'A huge economic and technical challenge': Mosa Meat CEO on scaling cultured meat production

By Katy Askew contact

- Last updated on GMT

Mosa Meat plans to bring cultured meat to the market in three years ©GettyImages
Mosa Meat plans to bring cultured meat to the market in three years ©GettyImages
Dutch cultured meat group Mosa Meat plans to bring in-vitro meat to the market by 2021. FoodNavigator speaks to the company’s CEO, Peter Verstrate, about the challenge ahead.

Mosa Meat has completed a series A fundraising round that raised €7.5m and secured the backing of two industry heavy weights: Switzerland’s largest meat producer, Bell Food Group, and the VC arm of medicines and vaccines developer Merck, M Ventures.

Verstrate was satisfied with the expertise Bell and M Ventures bring to the table. "We are delighted to join forces with M Ventures and Bell Food Group to create the future of meat,”​ he noted.

“M Ventures brings strong experience in early-stage financing of science-based companies like ours and has added tremendous value throughout the fundraising process, while Bell Food Group brings strong downstream capabilities in meat processing and distribution. We think this is a perfect collaboration."

Mosa Meat, which was co-founded by Professor Mark Post, created the first cultured hamburger back in 2013. The Maastricht-based start-up has now set an ambitious new target: it wants to bring a commercialised lab meat product to consumers by 2021.

‘Huge economic and technical challenge’

Mosa Meat plans to use the funds raised to develop an end-to-end process for cultured meat production. This has to be delivered at “significantly​” reduced cost in order to make it economically viable.

Verstrate does not shy away from the challenge. “We have done considerable work on optimising our ground beef product in the past four years. We still have some optimisation of the process, particularly in optimising the growth medium. But looking forward, our main focus is on the huge economic and technological challenge of scaling production,”​ he told FoodNavigator.

Initially, Mosa Meat plans to construct a pilot plant with enough capacity to serve a select number of restaurants. After 2021, the group will turn its attention to building out its capacity further still.

“In the three-year period from now until 2021 we will, in parallel with the process of regulatory approval, scale up to a size that allows us to serve a number of restaurants with a small pilot plant. We also expect to then be ready (including the required financing) to start constructing a large plant in 2021. As this is part of the development we are not sure about the metrics yet, but the plant will initially have a 10,000 to 25,000 litre bioreactor with capacity to produce over 100 tons of meat annually.”

A premium product

Bringing down the cost of production will be key. Mosa Meat plans to leverage the experience of its new partners to look at ways to reduce expenses.

Merck is a leading player in cell cultures for its medical research. 

merck
Cell culture in flasks, EMD Serono R&D lab in Billerica, USA ©Merck

“M Ventures, being the corporate venture capital fund of Merck, is the perfect door-opener to Merck's deep expertise in culturing cells and producing high quality and scalable cell media. This is significant given that the cell media currently comprises 80% of the cost of cultured meat,”​ Verstrate noted.
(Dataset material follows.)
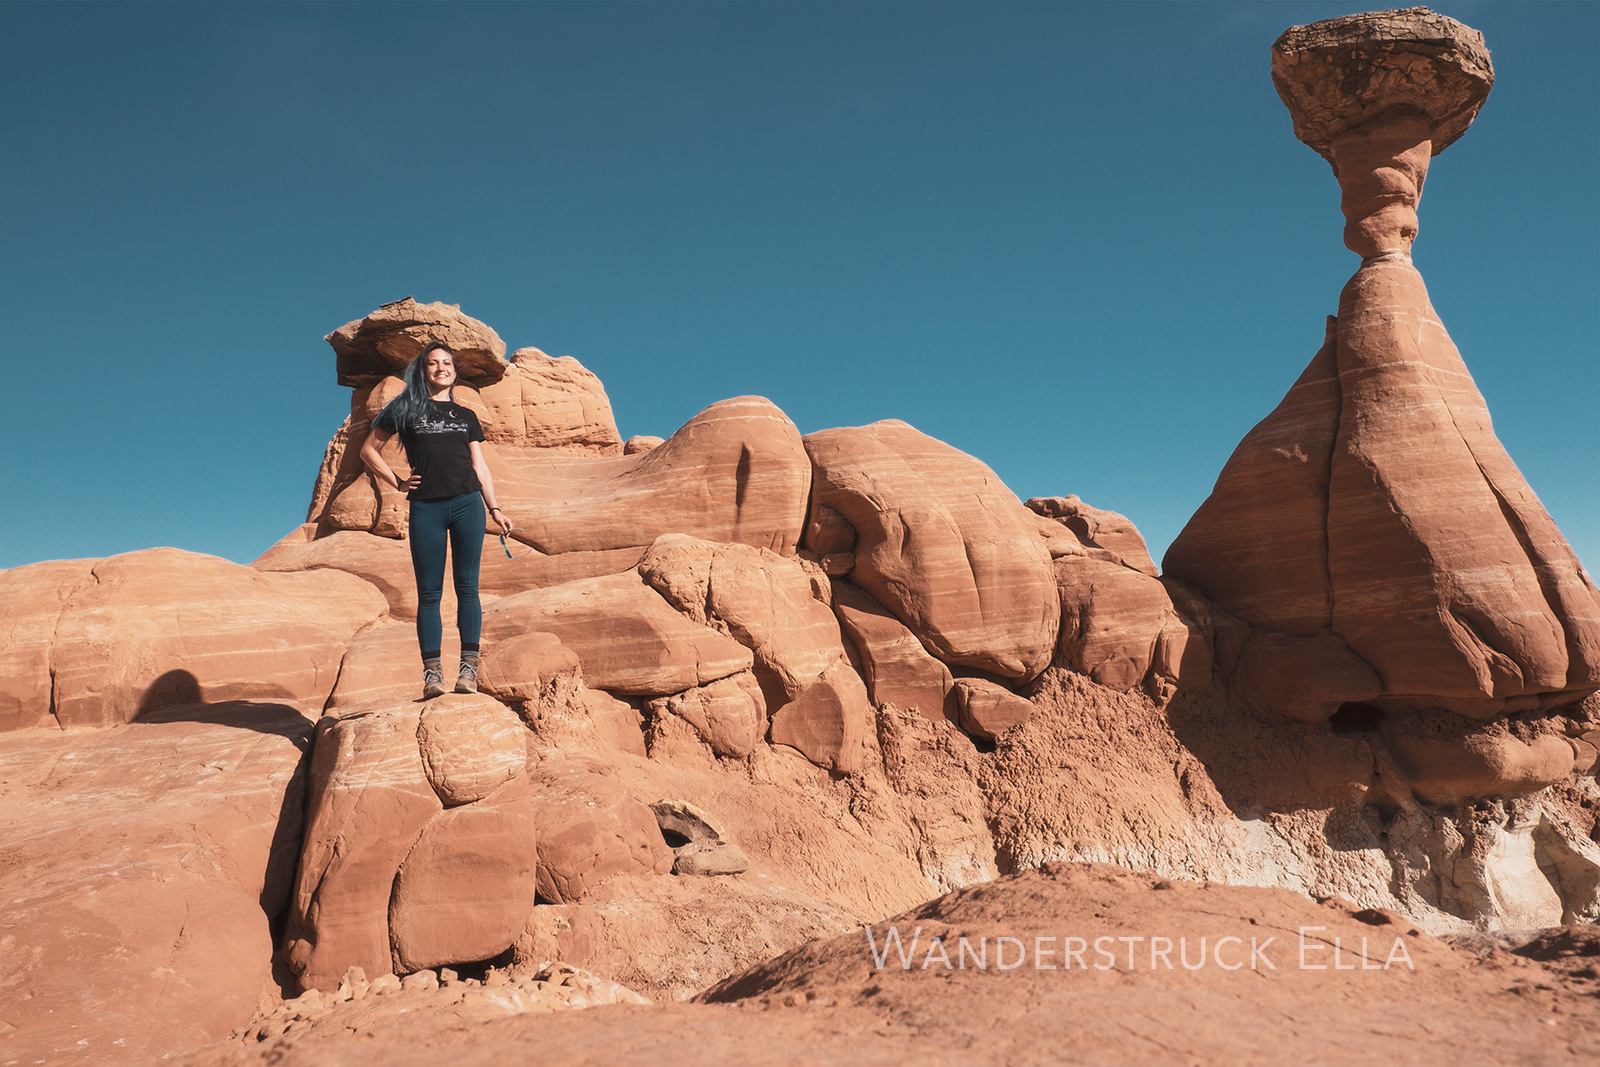 traveling photographer and writer Wanderstruck Ella happily hiking hoodoos in Utah

In 2013, it cost around €240,000 to develop the first lab-grown burger. Mosa Meat thinks it can bring down the cost per unit of products made in the pilot plant to €9, with further savings to follow.

“The modelling that we have conducted predicts that, by scaling our current technology, we can bring the price down to around €9 for a hamburger. And then, by improving certain efficiencies and mainly with scaling of the production of the growth medium (the food for the cells), we can bring the price down further to supermarket level,”​ Verstrate predicted.

Researching 3D structures

Mosa Meat is focusing its efforts on ground beef and its first product will “most likely​” take the form of a hamburger.

“We are focusing on ground products initially (which make up 50% of the total meat market) because this technology is currently more feasible,”​ Verstrate explained.

Mosa Meat believes that lab meat will be the “future of meat​” because it enables meat consumption without the significant environmental implications of livestock rearing. 

Twenty-six percent of the Planet's ice-free land is used for livestock grazing and 33% of croplands are used for livestock feed production. Around one-seventh of all greenhouse gas emissions now come from meat production alone.

“We are focusing on beef because cows are the most inefficient links in production (chickens are four times more efficient). Cows therefore use the most resources and contribute the most greenhouse gas emissions,”​ Verstrate noted.

steak
©iStock

Even as Mosa Meat works to scale up production, Verstrate said the company will not take the foot off the gas when it comes to research and development. The group’s next target in this area is to begin work on developing muscle tissue.

“It is a more significant scientific challenge to create a 3D structure such as a steak. In parallel [to scaling up ground beef production] we are beginning research into developing steaks and other 3D structures.”